The IIMs are a rare Indian success story in higher education and a key facilitator of India’s market economy. It should not become a victim to myopic politics

DNA Edit: Giving IIMs the autonomy they demanded
IIM Ahmedabad

The Cabinet approval for the Bill granting greater autonomy to the Indian Institute of Management is a step in the right direction. For years, there has been a robust debate about the need to make the IIMs, the premier management institutions in the country, autonomous.

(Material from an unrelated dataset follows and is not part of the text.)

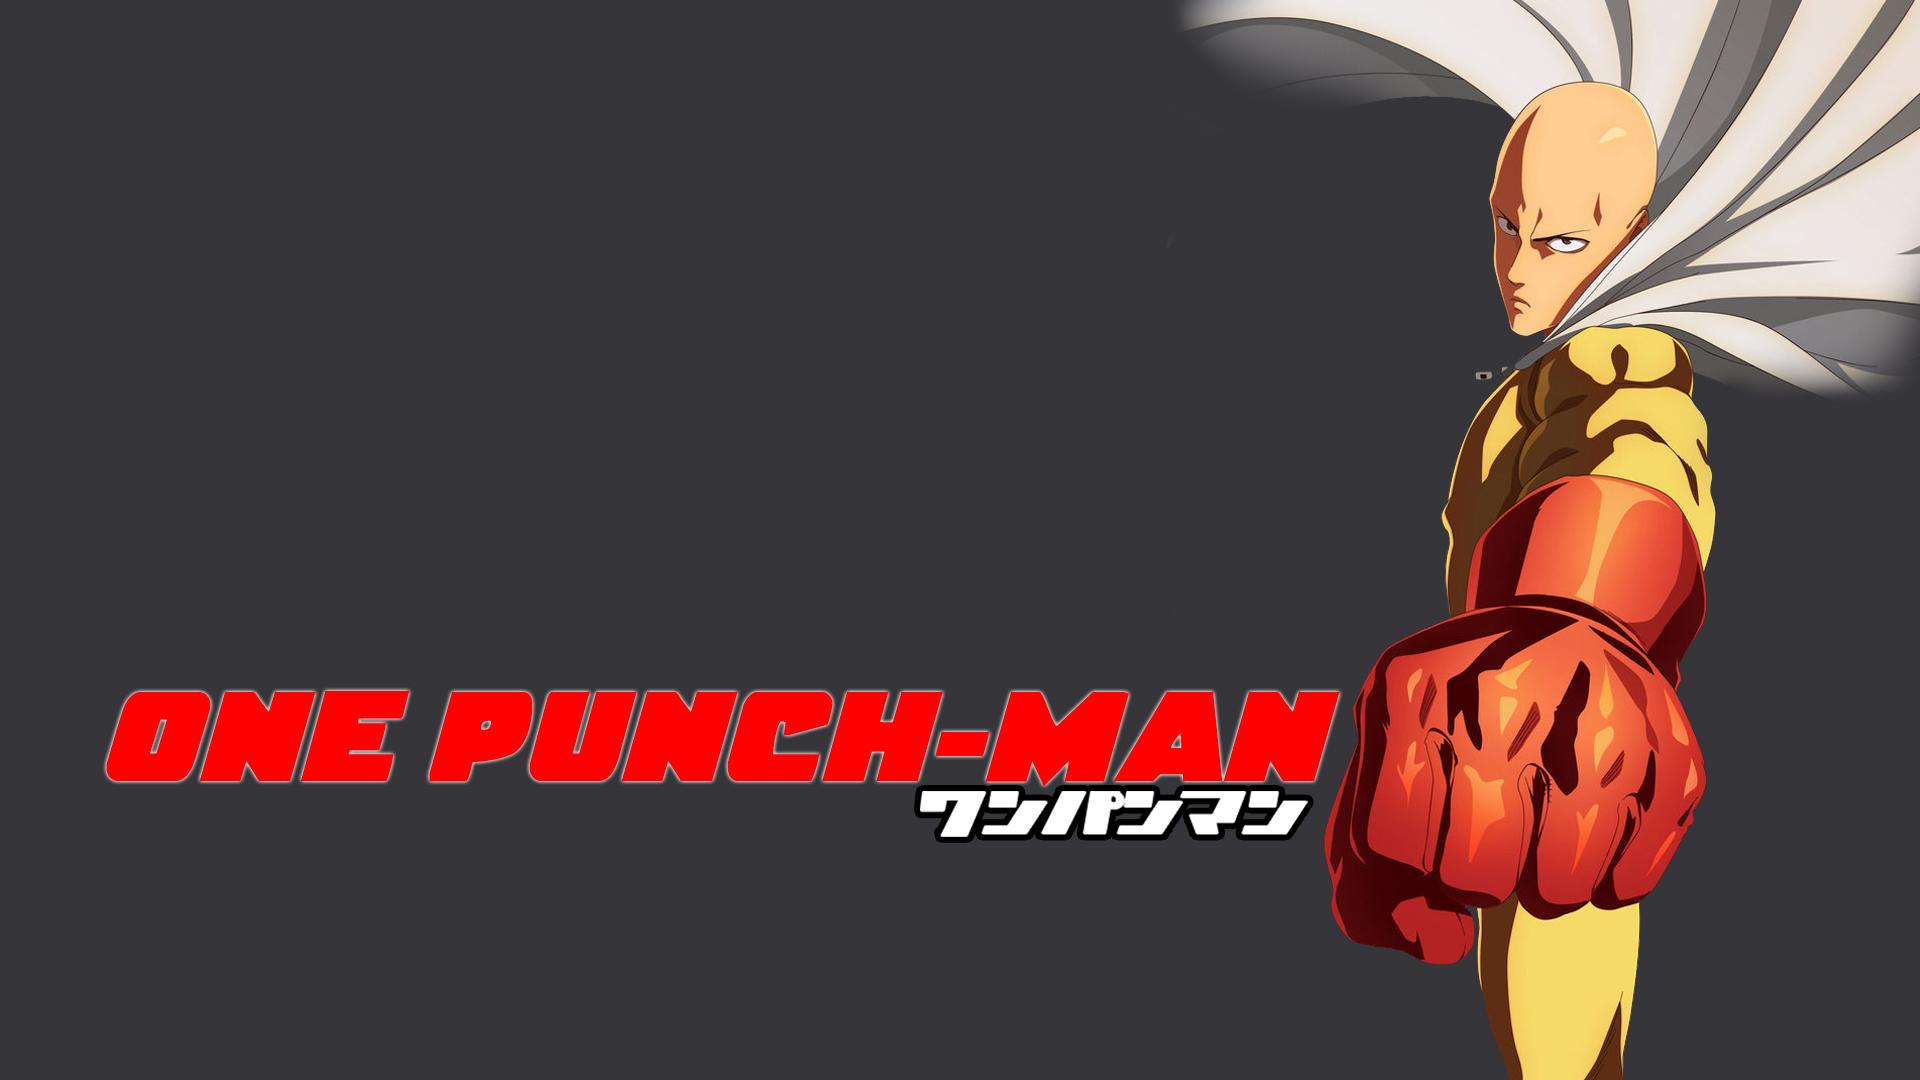 One punch man wallpaper hd wallpapersafari - Funny one punch man wallpaper ...
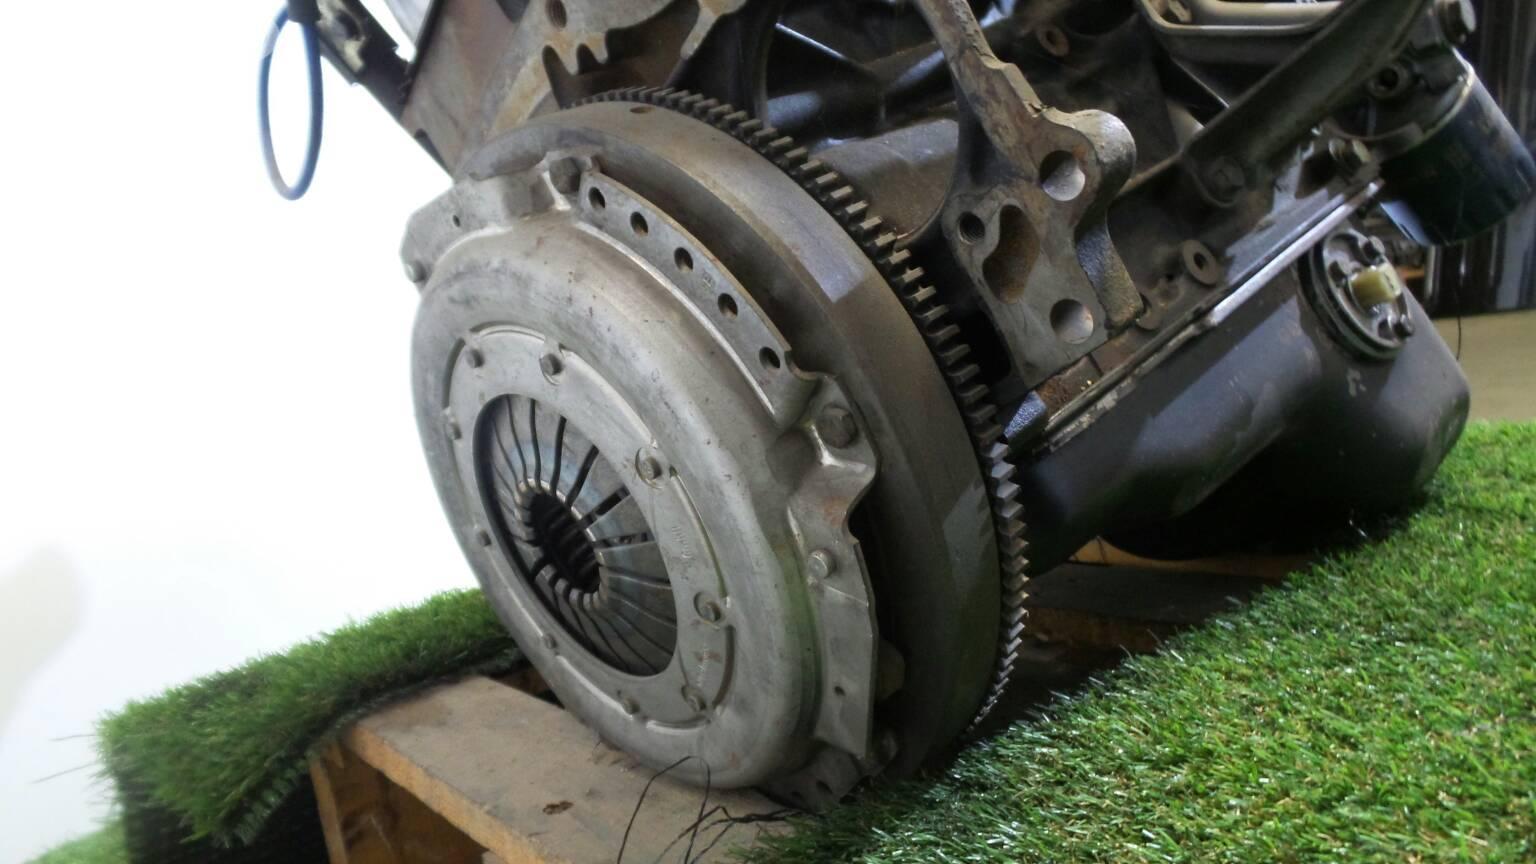 Engine Opel Omega A V87 20 F19 M19 N19 80696 Fuse Box Complete

The government kept a tight check on the IIMs, which have done yeoman service for feeding the private sector’s demand for managers, executives and entrepreneurs. The government controls on fee revision, constitution of boards, and appointment of chairpersons and directors has been blamed for retarding the growth of the IIMs into campuses that can rival the top global business schools. The proposed bill will now allow the IIMs to decide board composition, chairpersons, directors and fees structure.  More importantly, it will allow IIMs to confer MBA degrees on its students as against the post-graduate diplomas that are now on offer. By offering degrees, IIMs will be in a better position to woo foreign students and improves the prospects of Indian students in higher education and employment opportunities. The fees at IIM for the two-year postgraduate management programme was Rs 19.5 lakh, a reflection of how the market drives costs even at a government institution.

So it is only in the fitness of things that the government stopped interfering in the administration of IIMs. What the IIMs must do is to expand its fee waiver programme to enable students who secure admission through reservation and those from economically backward households to secure access to the vaunted institution.

IIM autonomy was one of the reasons that prompted Prime Minister Narendra Modi to ease out Smriti Irani from the prestigious Human Resources Development portfolio. Under Irani, the HRD ministry was not comfortable with the bill’s provision to take away the ministry’s powers to hold the IIM accountable on administrative and financial matters. However, Irani erred in not understanding that the Prime Minister was keen on seeing the reform measure through. Earlier, the IIMs had publicly opposed a previous version of the Bill because in the guise of autonomy it would only have expanded the HRD ministry’s control over the management institutions. Now the Bill must pass Parliament and face the bigger test of execution.

Often, governments, despite best intentions, cannot resist intervening in institutions they fund. The Opposition could also turn the tables on the government by terming this another example of an anti-poor, anti-middle class legislation by raising the bogie of unregulated fee hikes. In the end, the IIMs are a rare Indian success story in higher education and a key facilitator of India’s market economy. It should not become a victim to myopic politics.